Brookfield’s managed portfolio’s 30-year performance history, created right through three North American economic downturns, printed a 19% compound annual return that could have turned a $1 million investment into a $285 million wealth pile.

Brookfield invests in real estate and infrastructure assets, and it also thrives on economic dislocation. When credit markets freeze and asset prices collapse, desperate sellers go to the likes of Brookfield. BN has the power to cherry-pick the best infrastructure and real estate assets at crisis pricing during downturns.

An $10,000 investment in BN stock since 2001 could have grown into $636,000 today – despite the past economic downturns.

Constellation Software: The vulture of the tech sector

Constellation Software (TSX:CSU) buys software companies with defensible moats.
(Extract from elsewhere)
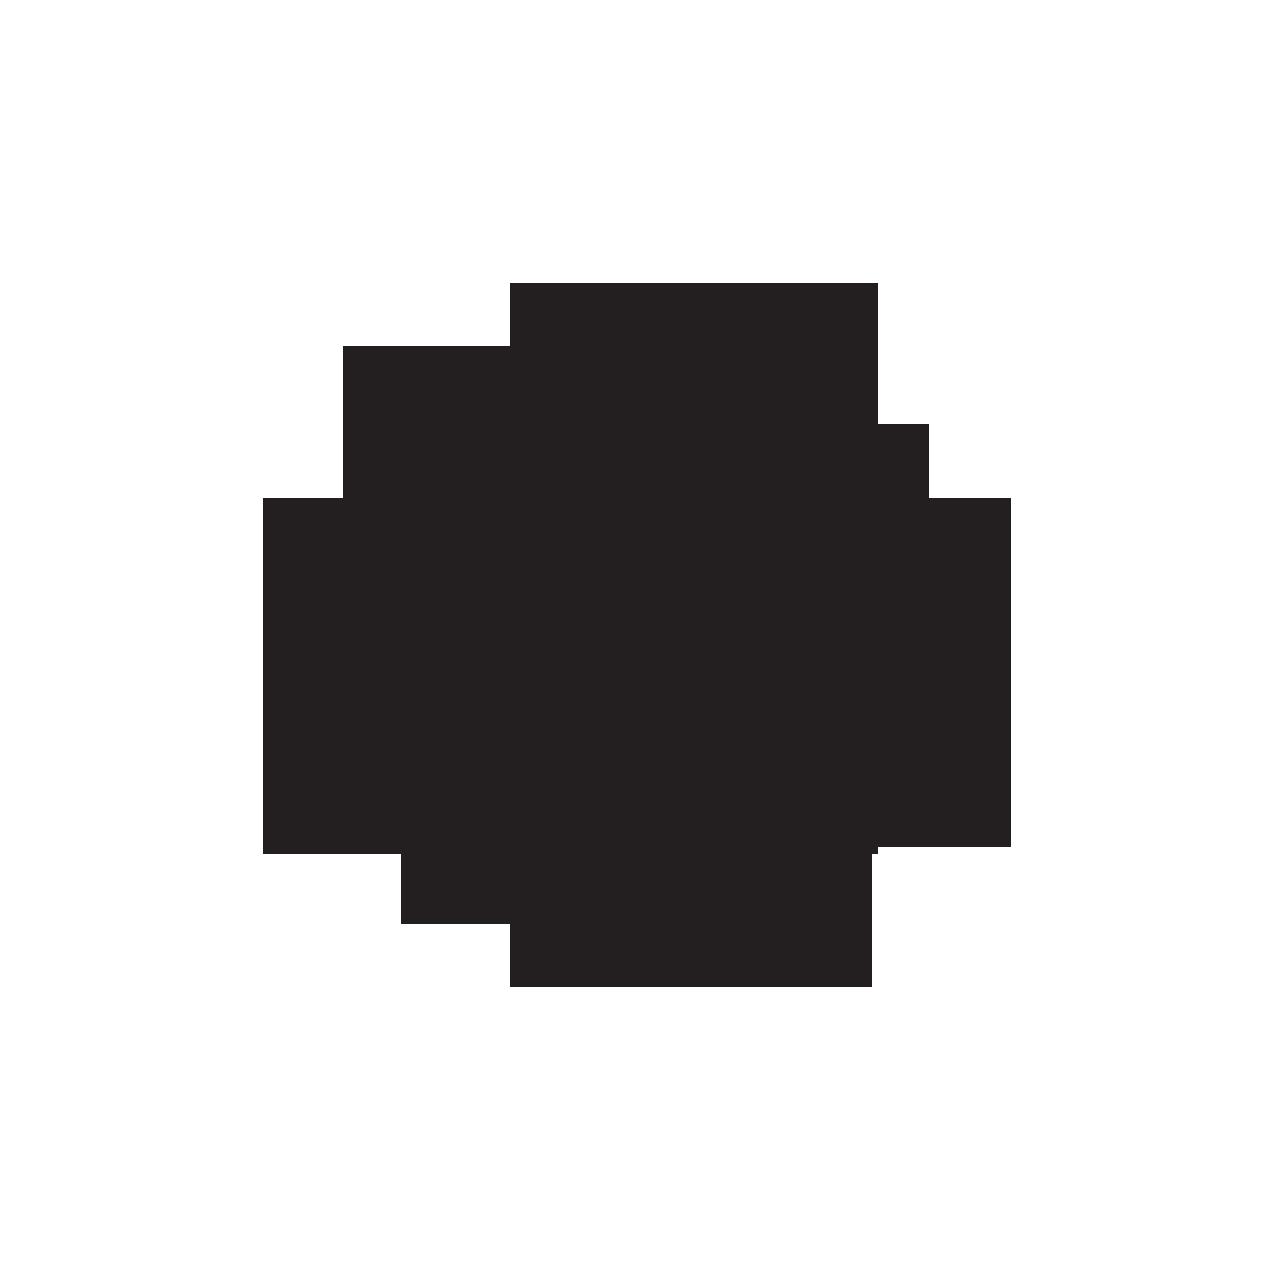 Amoln

The subsidiaries usually continue to generate boatloads of cash flow that enrich their parent’s cash position, even during economic downturns. The excess cash is mostly allocated toward new acquisitions of cash flow positive targets in a self-reinforcing strategy that remains a strong growth pillar for the business today.

Constellation stock’s business model is brilliant in its simplicity: acquire vertical market software (VMS) businesses, run them efficiently, and never sell them. However, during an economic boom, these “tuck-in” acquisitions get expensive. When a recession hits, smaller software vendors start to sweat. Their revenue stalls, their lines of credit dry up, and they become “willing sellers” at reasonable multiples.

CSU’s self-replenishing cash hoard allows it to go on a shopping spree exactly when valuations contract. This is how founder Mark Leonard built the empire. The tech stock has declined by 51% over the past year, spooked by the founder’s departure on health grounds. But the business model remains very intact, with nearly $4 billion in liquid cash assets to finance the next lucrative deals.

Enbridge

Utilities and pipelines appear as boring stocks, but in a recession, boring becomes beautiful.

Enbridge (TSX:ENB) is an oil and gas pipeline giant whose capital expenditure budgets are largely self-funded. Its real cash flow power lies in its business model. As the transporter of the energy that heats homes and fuels trucks, Enbridge’s revenue is largely volume-based, not price-based. Whether oil is at $100 or $50 per barrel, hydrocarbon molecules still need to move through Enbridge’s expansive pipeline network. New ventures into gas utilities support cash flow stability.

With tight take-or-pay contracts, Enbridge’s revenue and cash flow stability support its ever-growing generous dividend. The Enbridge dividend currently yields 5.5%, and remains well supported by internally generated cash flow, even when the economy stumbles.

If overvalued tech stocks and crypto get crushed during downturns, investors will flock to the safety of ENB stock’s yield. Moreover, with its strong liquidity, Enbridge can continue its “secured growth” capital program, building the very infrastructure that will fuel dividend hikes for the next decade, while highly levered competitors are forced to halt construction projects.

Fool contributor Brian Paradza has no position in any of the stocks mentioned. The Motley Fool has positions in and recommends Brookfield. The Motley Fool recommends Brookfield Corporation, Constellation Software, and Enbridge. The Motley Fool has a disclosure policy.